Exchangeable Preferred Shares. During 1998, 6.3 million shares of Class A EPS, 5.5 million shares of
Class B EPS and approximately 800,000 limited partnership units of the SLT Realty Limited Partnership (the
“Realty Partnership”) and SLC Operating Limited Partnership (the “Operating Partnership”) were issued by the
Trust and Corporation in connection with the acquisition of Westin Hotels & Resorts Worldwide, Inc. and certain of
its affiliates.
On March 15, 2006, the Company completed the redemption of the remaining 25,000 outstanding shares of
Class B EPS for approximately $1 million in cash. On April 10, 2006, when the Company consummated the first
phase of the Host Transaction, holders of Class A EPS received from Host $0.503 in cash and 0.6122 shares of Host
common stock. Also in connection with the Host Transaction, the Company redeemed all of the Class A EPS
(approximately 562,000 shares) and Realty Partnership units (approximately 40,000 units) for approximately
$34 million in cash. The Operating Partnership units are convertible into Corporation Shares at the unit holder’s
option, provided that the Company has the option to settle conversion requests in cash or Shares. For the year ended
December 31, 2006, the Company redeemed approximately 926,000 Operating Partnership units for approximately
$56 million in cash. There were approximately 178,000 and 179,000 of these units outstanding at December 31,
2008 and December 31, 2007, respectively.

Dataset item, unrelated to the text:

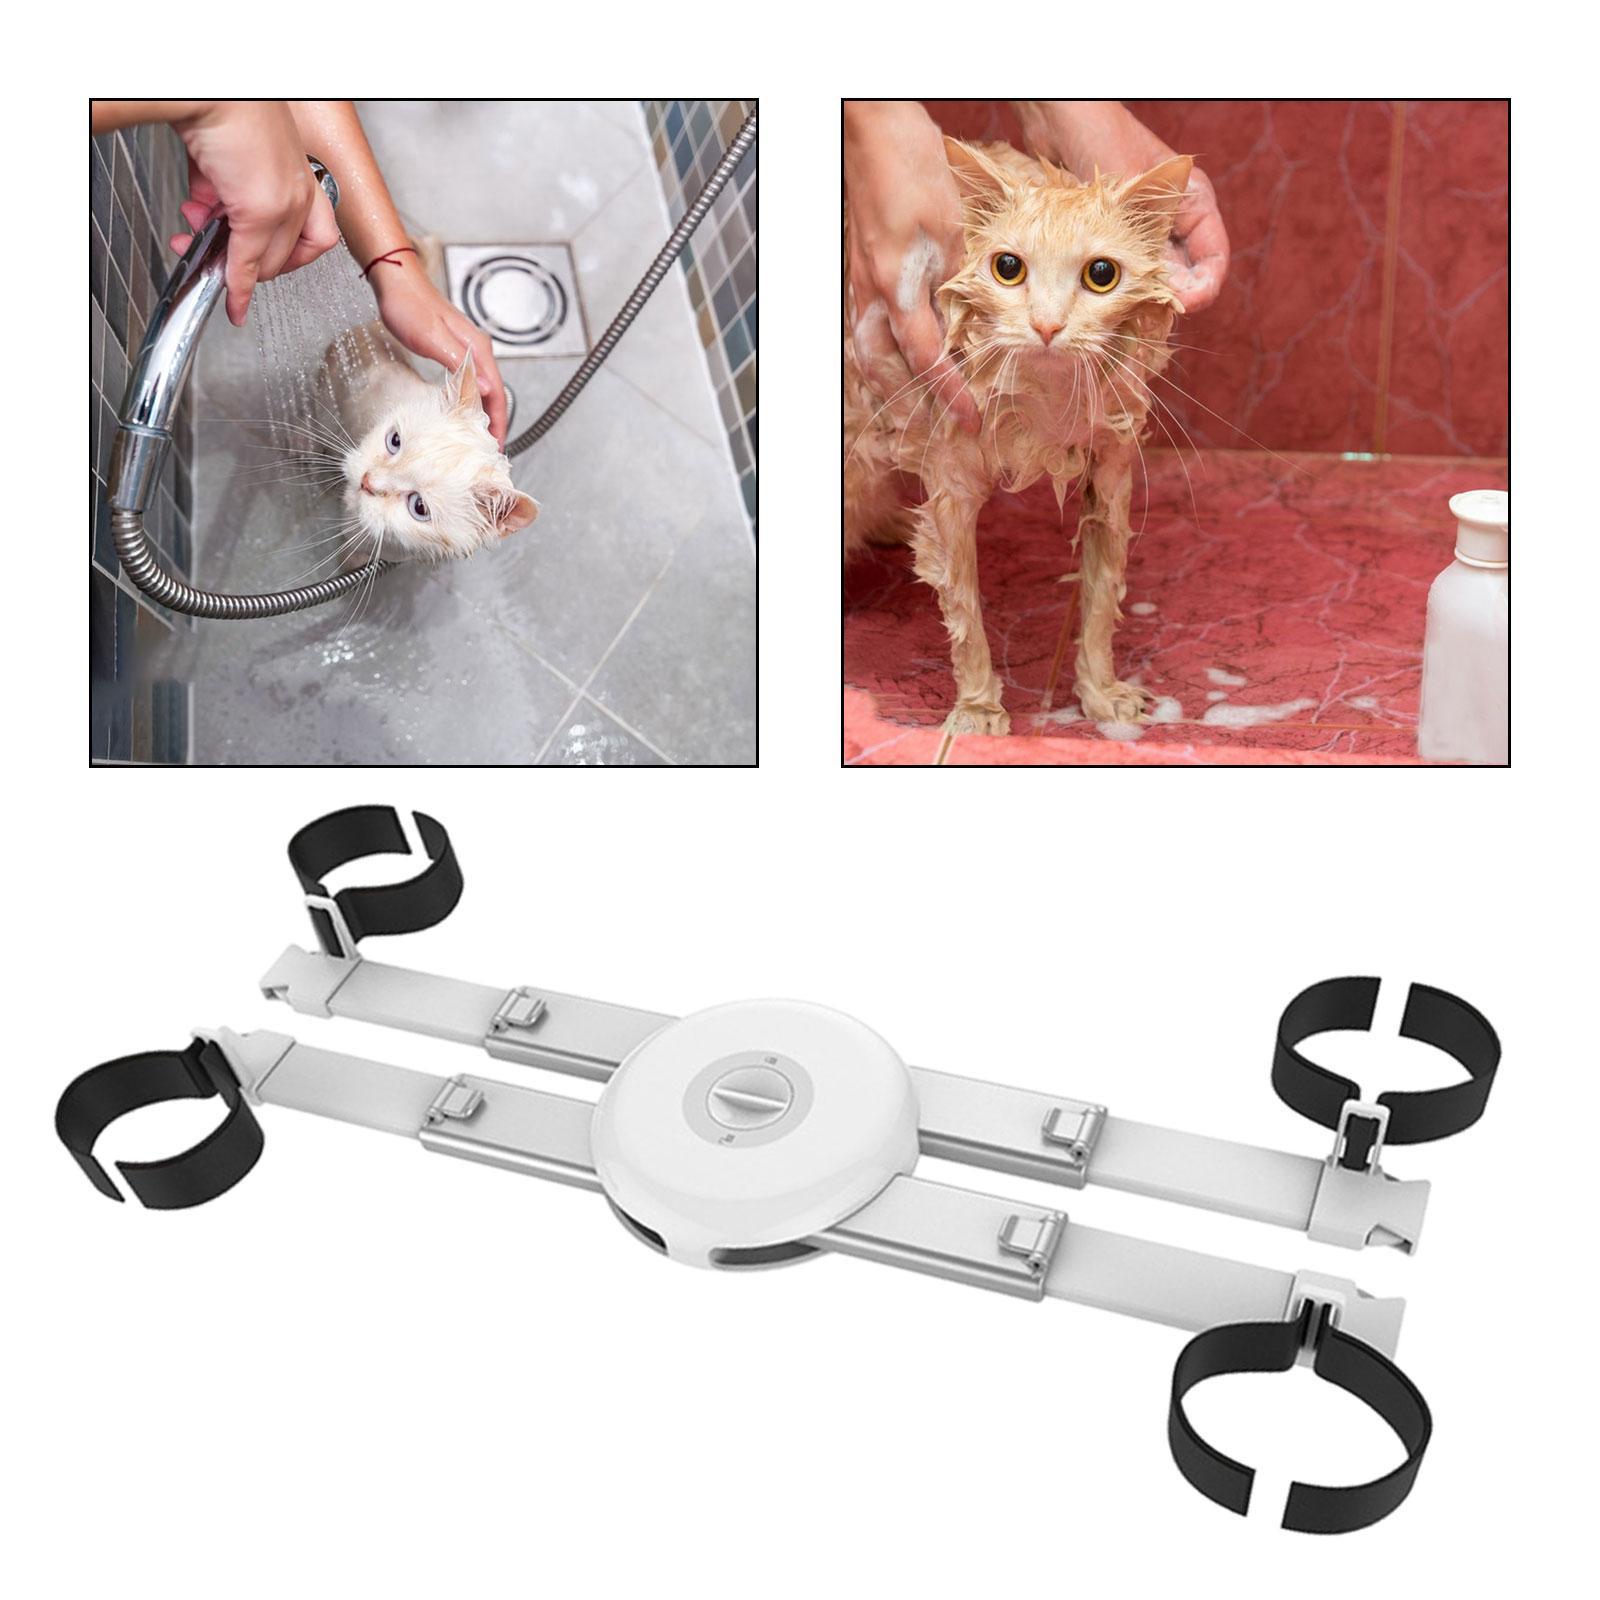 Pet Fixing Bracket Retractable Pet Grooming Holder for Kitty Showering Puppy

Note 21. Stock-Based Compensation
In 2004, the Company adopted the 2004 Long-Term Incentive Compensation Plan (“2004 LTIP”), which
superseded the 2002 Long Term Incentive Compensation Plan (“2002 LTIP”) and provides for the purchase of
Shares by directors, officers, employees, consultants and advisors, pursuant to equity award grants. Although no
additional awards will be granted under the 2002 LTIP, the Company’s 1999 Long Term Incentive Compensation
Plan or the Company’s 1995 Share Option Plan, the provisions under each of the previous plans will continue to
govern awards that have been granted and remain outstanding under those plans. The aggregate award pool for non-
qualified or incentive stock options, performance shares, restricted stock or any combination of the foregoing which
are available to be granted under the 2004 LTIP at December 31, 2008 was approximately 70 million (with options
counted as one share and restricted stock and performance units counted as 2.8 shares).
Compensation expense, net of reimbursements during 2008, 2007 and 2006 was approximately $68 million,
$99 million and $103 million, respectively, resulting in tax benefits of $26 million, $33 million and $36 million,
respectively.
F-40
STARWOOD HOTELS & RESORTS WORLDWIDE, INC.